MultihopConditionInterpreter
Pros:

• Easily fits into existing frameworks

Cons:

• Requires the user to specify in advance if they will use a multihop transaction

Open Questions:

• User signatures are only great UX when they happen through the wallet natively, and they're also problematic for contract integrations. Could a hash of the route + secret be used instead?

struct Route {
  address router;
  uint256 chainId;
  address assetId;
}

struct MultihopConditionData {
  bytes32 lock;
  Route[2] route; // [A->B, B->C]
}

contract MultihopConditionInterpreter is IConditionInterpreter {
  // Tx data would have to specify an origin and a destination chain
  // The `conditionData` in the tx should specify a hashlock, and have
  // empty placeholders for a `receiver` and `chainId`
  function shouldPrepare(
    TransactionData calldata txData,
    uint256 transactionManagerChainId
  ) external pure returns (bool, Balance[]) {
    // Decode the Route

    // If this is the origin chain, then there should only be the hashlock 
    // in the conditionData to allow the auctioneer to assign the Route

    // Otherwise, a full route should be supplied. Validate all balances.
 }

  function shouldFulfill(
    TransactionData calldata txData,
    bytes calldata unlockData,
    uint256 transactionManagerChainId
  ) external pure returns (bool, Balance[]) {
    // In all cases, check that the user signed the full route and provided
    // the correct secret.

    // If on the origin chain, the Route cannot be verified against the
    // conditionData. In this case, it is okay to validate the secret only
    // as the user would only stand to get rugged and *must* provide it
    // correctly. Though it does mean the full signed packet must be
    // provided in the unlockData

    // Use the route information and the current `chainId` to determine how
    // balances should be disbursed
  }

  // Called prior to executing cancel
  function shouldCancel(
    TransactionData calldata txData,
    bytes calldata unlockData,
    uint256 transactionManagerChainId
  ) external pure returns (bool, Balance[]) {
    // Use the route information and the current `chainId` to determine how
    // balances should be disbursed
  }
}

[jakekidd]

Requires the user to specify in advance if they will use a multihop transaction

Why? Why does the user care if it's a multihop or not? We can just obfuscate determination of whether it's a multihop by carrying out that calculation on the backend in auctions. (See below)

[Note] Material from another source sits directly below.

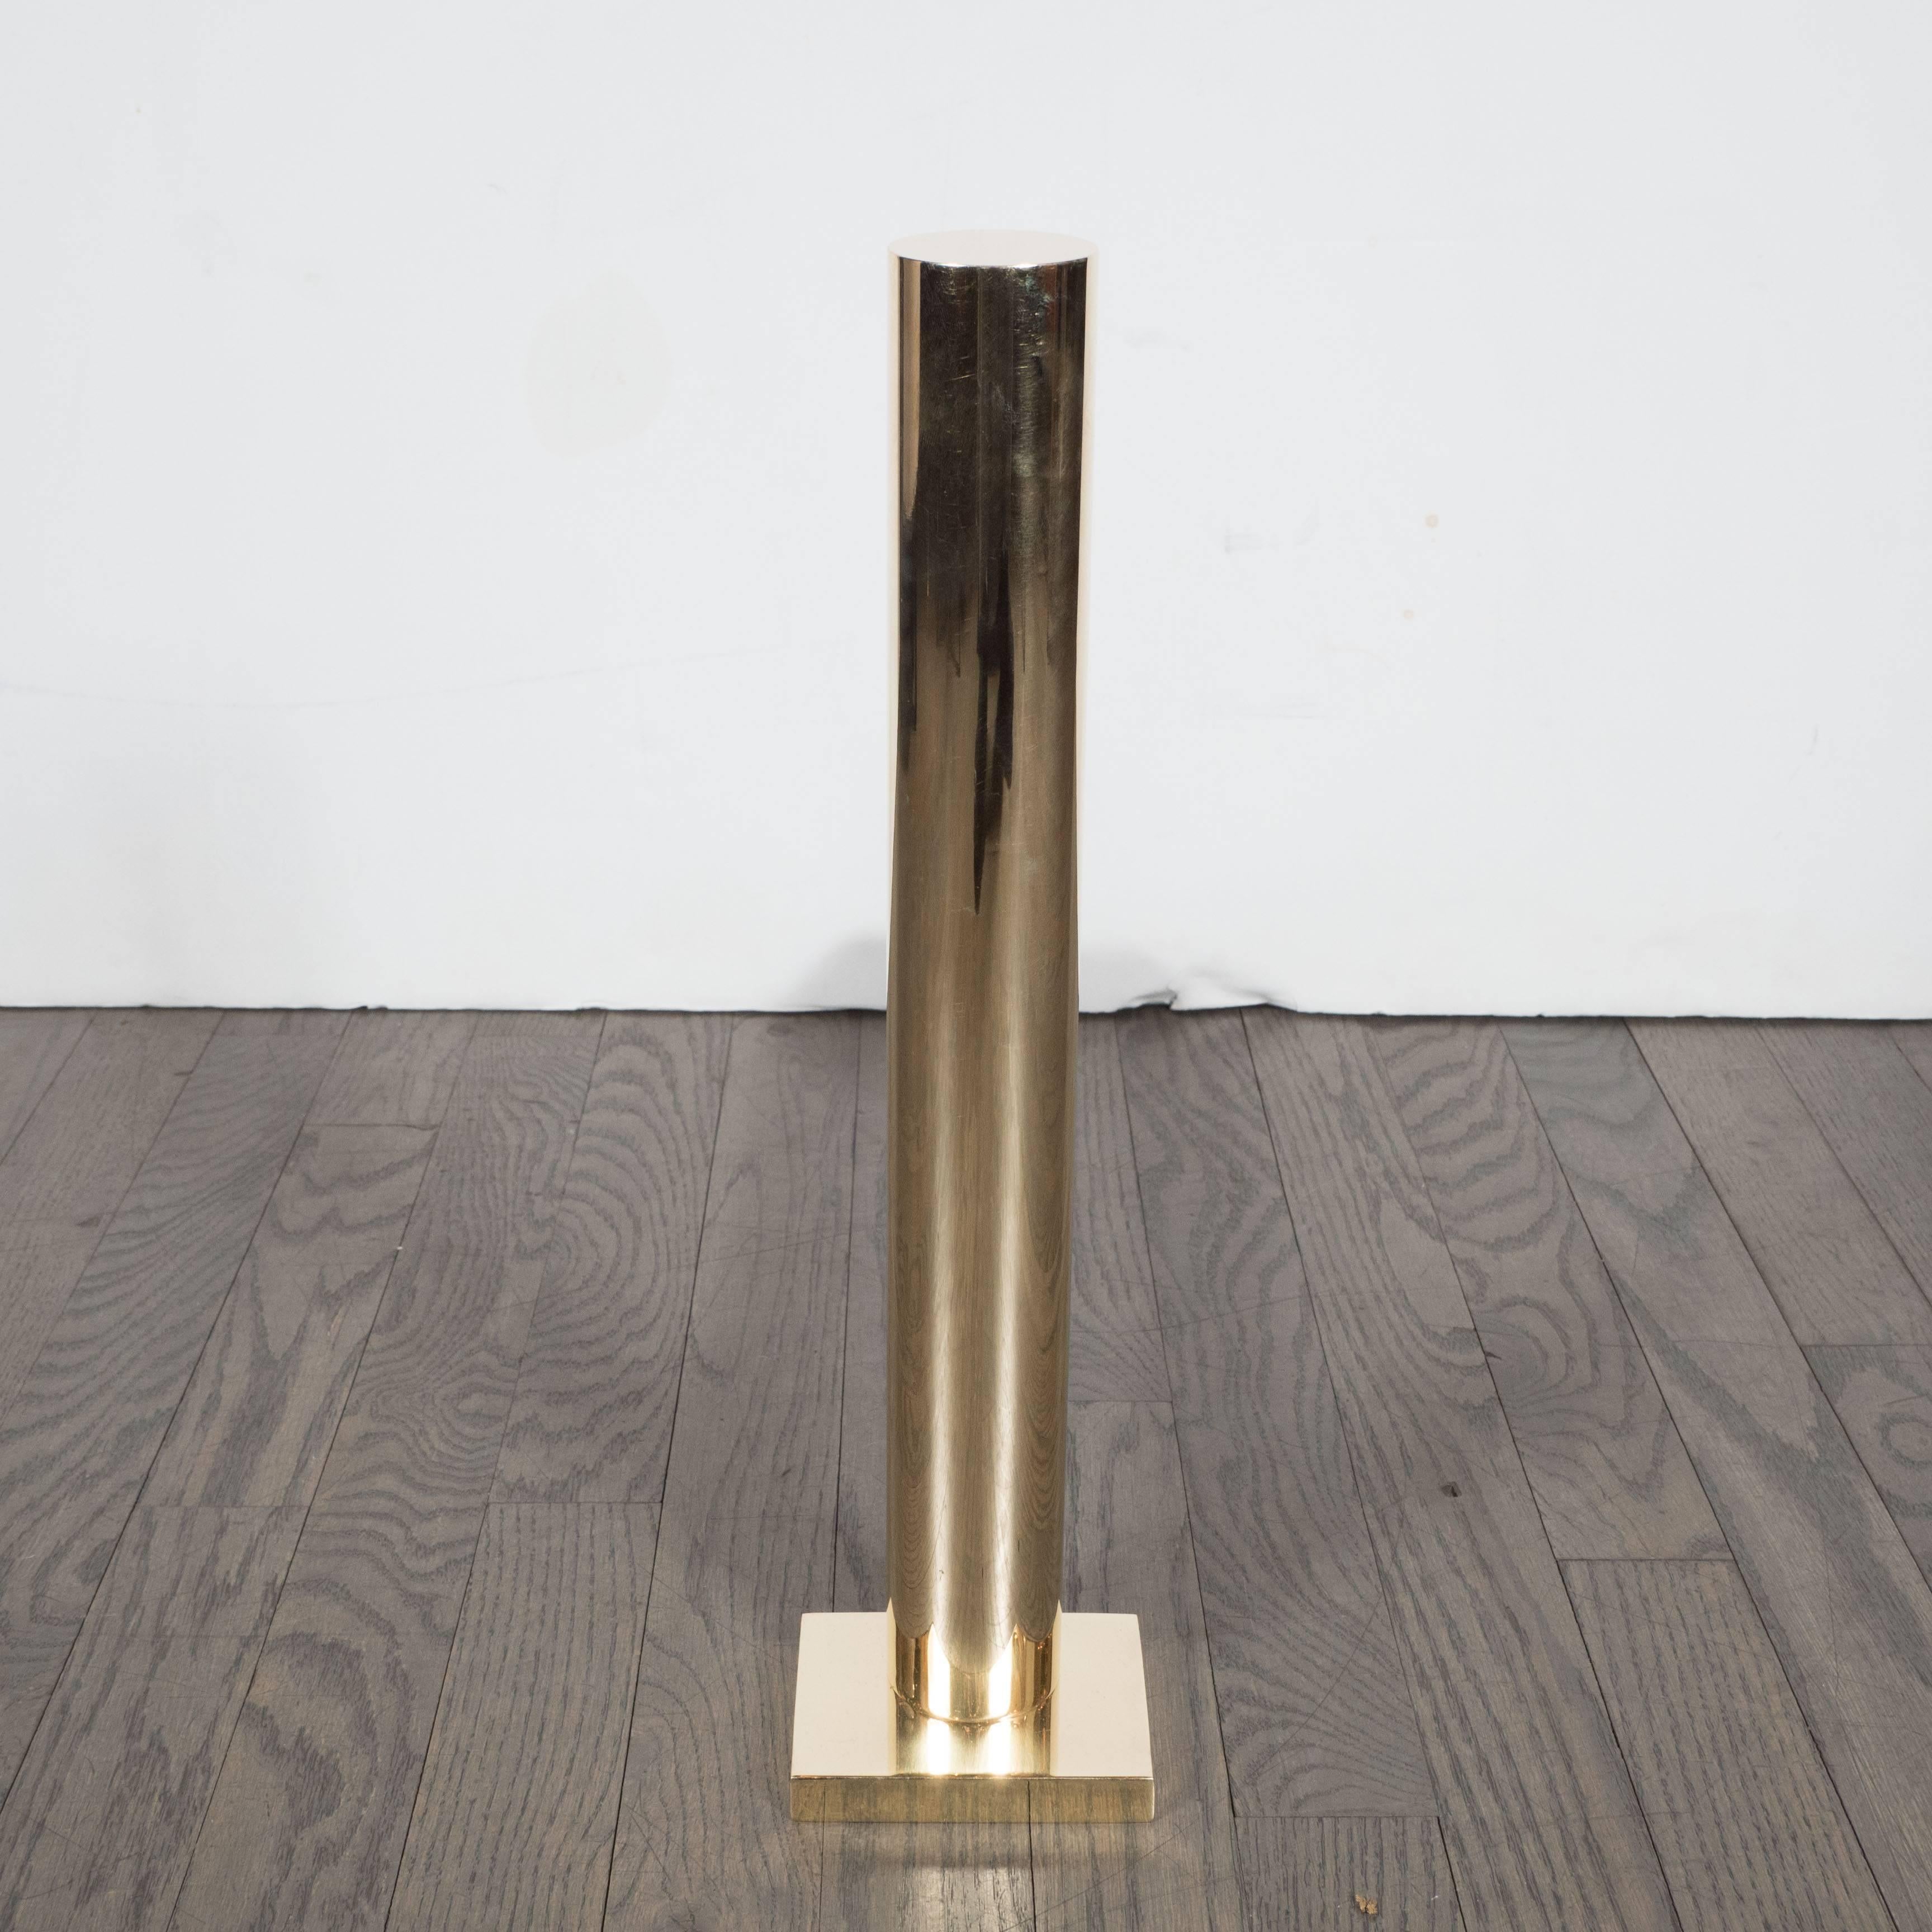 These stunning custom andirons feature a polished brass cylindrical form, rectangular base and black enamel supports. Please ask about the very many available finish options. These can be beautifully accompanied by our custom range of fire tools and

When routers submit bids, they should submit both direct and indirect bids (i.e. I can satisfy the A->B route OR I can satisfy the A->C / C -> B leg of the route). Ideally, each router should only submit indirect bids when they cannot satisfy the direct bid. However, it may be desirable (though more complex) to submit a direct bid if you can and your cheapest indirect bid.

I really like this solution. Routers can make only 1 direct and 1 indirect bid per auction. Given that the routers are sort of "making a bet" in terms of which indirect bid they choose (e.g. "should I indirect bid for A -> C or A -> D? Are there more routers that have C -> B or D -> B?")

To assist this process, there could be an off-chain "routing table" on each router. Like, in the background, a router can examine the network of liq and index it regularly. So when the "A -> B" tx comes along, it can say "oh, I go from A -> C, or A -> D, but there is a lot more liquidity in the network for going from C -> B".

This enables the router to confidently respond to an "A -> B" auction request by making the bid for the "A -> C", knowing that many others can tack on the bid for "B -> C". The auctioneer can easily calculate the best bid sum from there, assign it to those routers, and package it into a multihop transfer for the user. The user will see it's a multihop and sign if they're cool with that.

Also, a routing table mechanism would be necessary to keep auctions fast. Would suck for auctioneer to ask for "A -> B" only for every router to start thinking and scanning every liq route in the network.

Also also, with VAMMs it's actually possible that a multihop might be a better deal than a standard transfer! Huge.

[jakekidd]

Should routers submit the start -> intermediary indirect bid, the intermediary -> final indirect bid, or their cheapest of both?

With what I wrote above, routers should only bid their "start -> intermediary" first. We're talking about auctions NATS messaging here so any other router that has an "intermediary -> final" that sees the first router's bid is now able to toss in that indirect bid.

[LayneHaber]

This adds a lot of latency, as all routers are waiting for others to bid. Also, ideally the bids submitted aren't interdependent.

In general though, agree there could be a lot of improvements in the offchain pieces about how an auctioneer selects the right bids and types of transfers. Once we establish this is possible though, this discussion should mostly center around the contract changes required to implement the type of transfer.

[jakekidd]

This adds a lot of latency, as all routers are waiting for others to bid. Also, ideally the bids submitted aren't interdependent.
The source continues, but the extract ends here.